Canada’s labour market looks weaker on the surface, but an RBC Economics report says the deeper picture is more complicated. Job losses have been concentrated in sectors exposed to U.S. demand, while much of the domestic economy has continued to show resilience.

That matters for skilled immigrants because Canada is entering a tighter labour-supply environment. RBC says slower immigration and rising retirements are again putting pressure on the size of the workforce. By spring 2026, Canada’s labour-force participation rate had fallen to its lowest level since 1997, excluding the pandemic period.

Job losses are concentrated
RBC says U.S. tariffs have hit exposed Canadian industries hard, with employment in sectors dependent on U.S. demand falling two per cent since February 2025. Those losses, however, have not spread widely across the rest of the economy, where jobs tied more closely to domestic demand have continued to grow.

Layoffs are not driving the weakness
Canada lost jobs in three of the first four months of 2026, but RBC says permanent layoffs fell by nearly 10 per cent between October 2025 and April 2026. The bank describes the current labour market as “low hire, low fire,” meaning companies are cautious about adding staff but are not cutting workers at the pace normally seen in a downturn.

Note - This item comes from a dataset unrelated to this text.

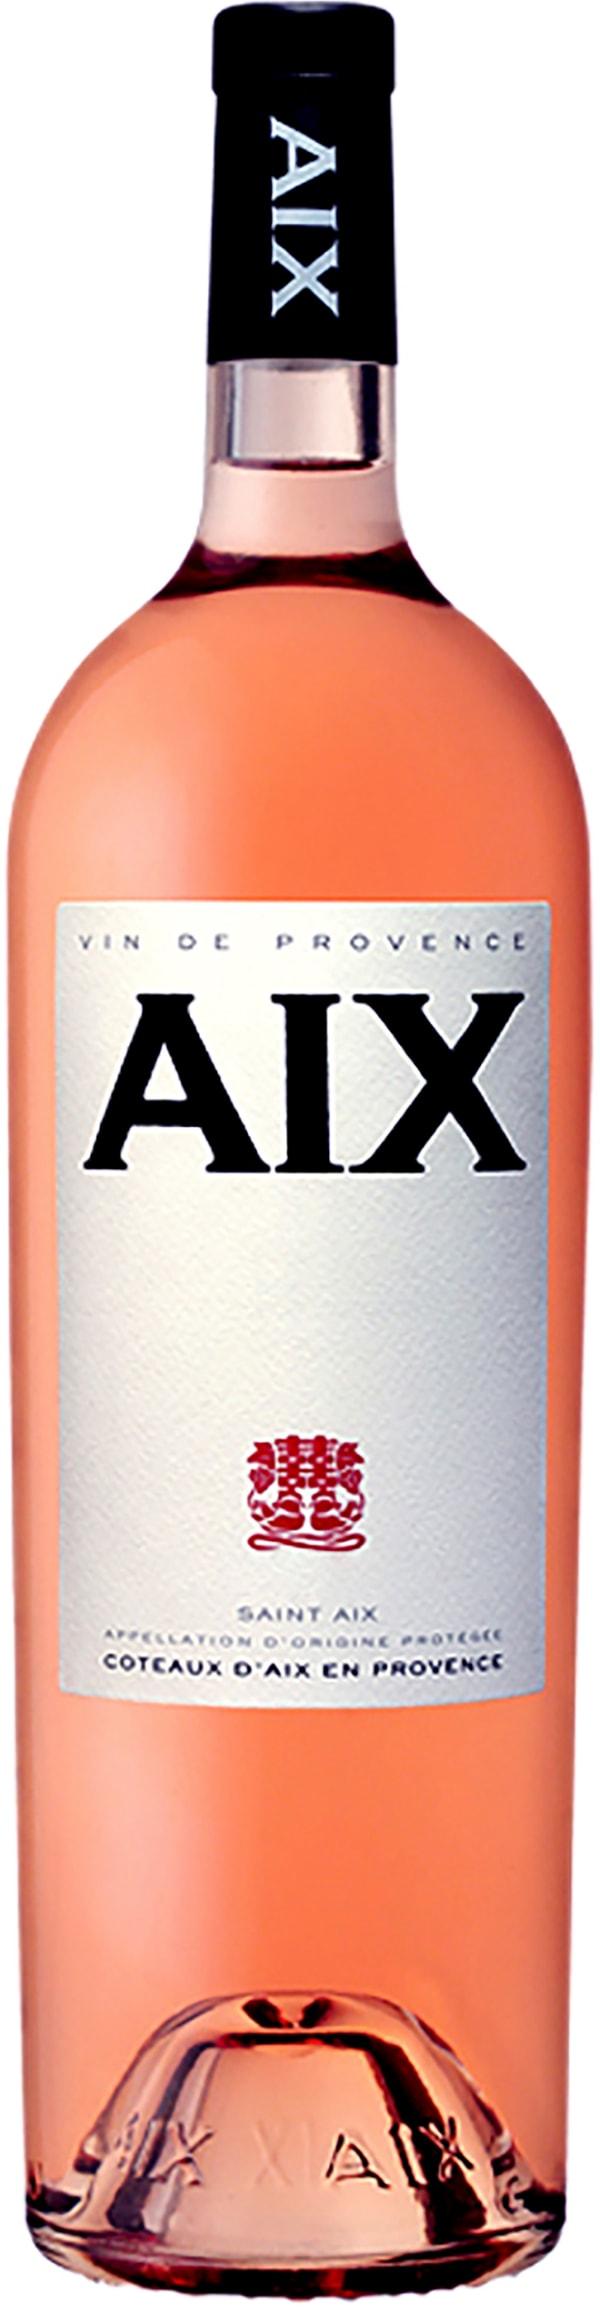 Aix Provence Rosé Magnum 2020

Young workers are being hit hardest
Weak hiring has left many labour-market entrants without work. RBC says the share of new jobs, meaning jobs started within the previous year, fell to a near-record low in April. More than one in four unemployed workers had been attending school before becoming unemployed, above the one-in-five average seen in the decade before the pandemic.

Hidden unemployment has not surged
RBC says broader unemployment measures do not show a large increase in discouraged workers or involuntary part-time employment. That suggests the official unemployment rate is capturing much of the labour-market strain, rather than missing a large pool of people who have quietly given up looking for work.

Hiring intentions are improving
Business surveys showed stronger hiring intentions early in 2026, with firms looking to boost productivity and capacity. RBC says small and medium-sized businesses also showed greater willingness to add jobs, though it remains unclear how quickly those plans will turn into actual hiring.

Aging is tightening labour supply
RBC says Canada’s rapid population growth between 2022 and 2024 temporarily offset the long-running decline in labour-force participation caused by aging. As immigration slowed in 2025, that decline resumed, reinforced by a record number of retirements.

Why it matters

The RBC report strengthens the central point of Sima Sajjadiani’s research: Canada cannot afford to recruit skilled immigrants and then leave their experience trapped behind unfamiliar credentials, résumé styles or hiring assumptions.

If retirements are accelerating and labour supply is tightening, the underemployment of skilled newcomers becomes more than a settlement issue. It becomes an economic waste Canada has less room to carry.